Dataset extract
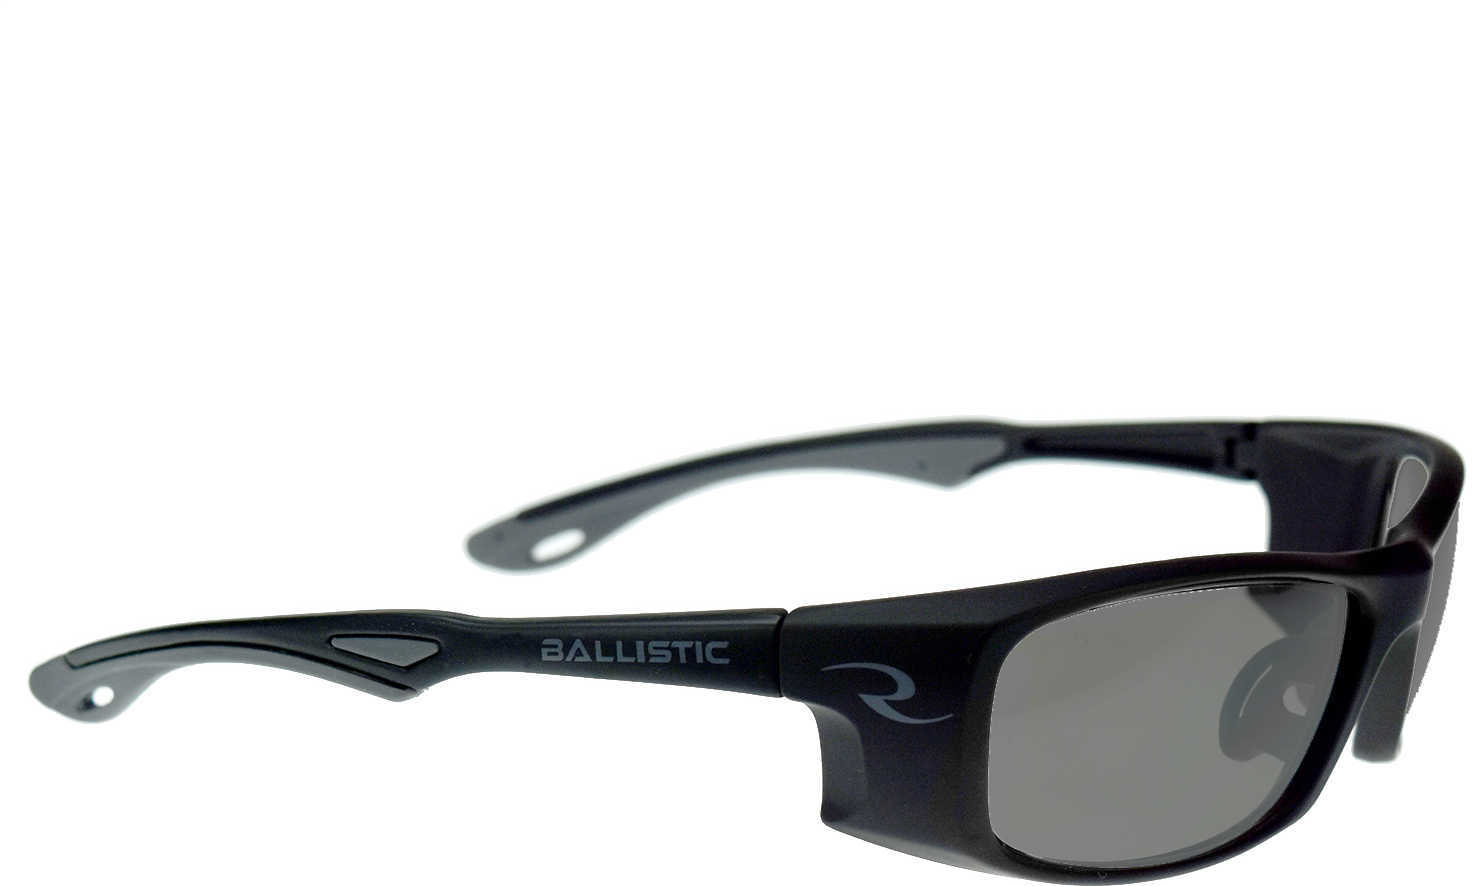 Radians CSB1002BX Bravo Glasses Eye Protection Black Frame Smoke Polycarbonate Lens 1 Pair
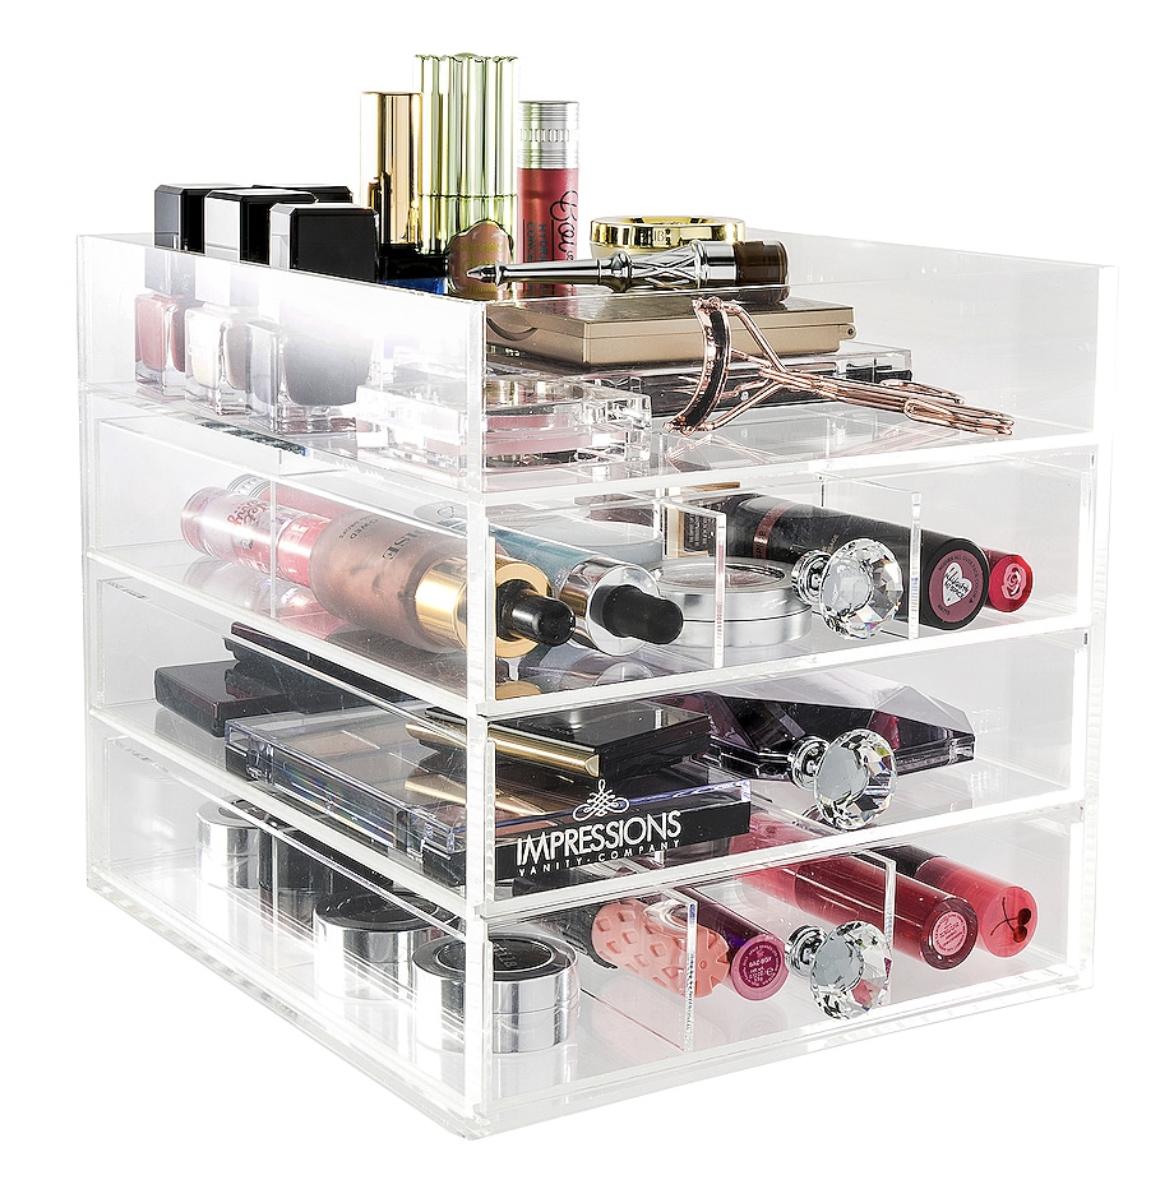 Diamond Collections impressions vanity makeup storage.
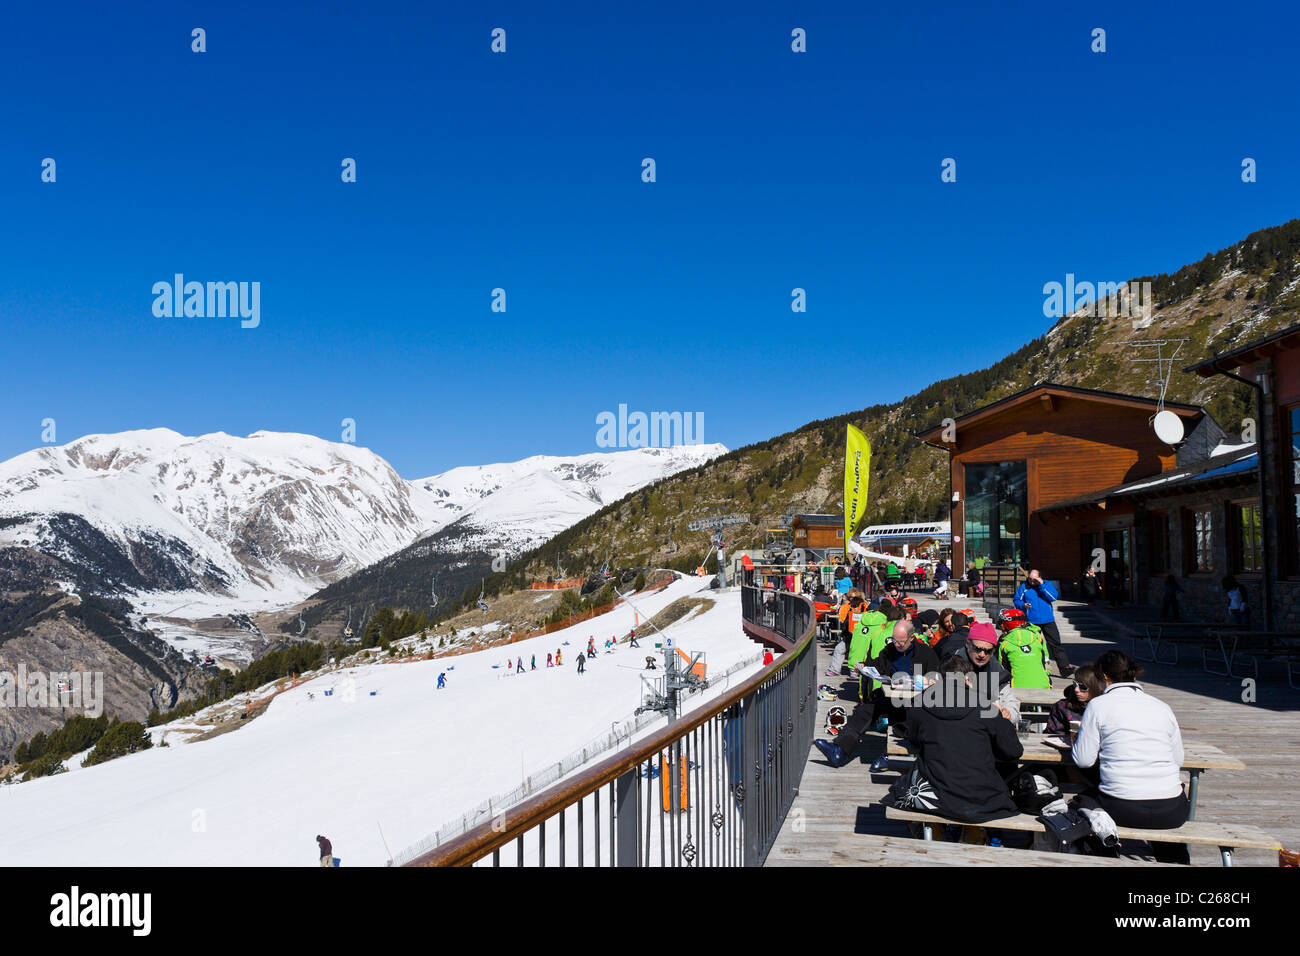 View from the terrace of a restaurant on the slopes at the top of the Canillo gondola, Canillo, Grandvalira Ski Area, Andorra Stock Photo

Directions
What is needed is an exact copy of the lines from the line with "Diamond Collections impressions" to the end of the data above, both included, without any pictures.

Solution for this exercise
 Diamond Collections impressions vanity makeup storage.
 View from the terrace of a restaurant on the slopes at the top of the Canillo gondola, Canillo, Grandvalira Ski Area, Andorra Stock Photo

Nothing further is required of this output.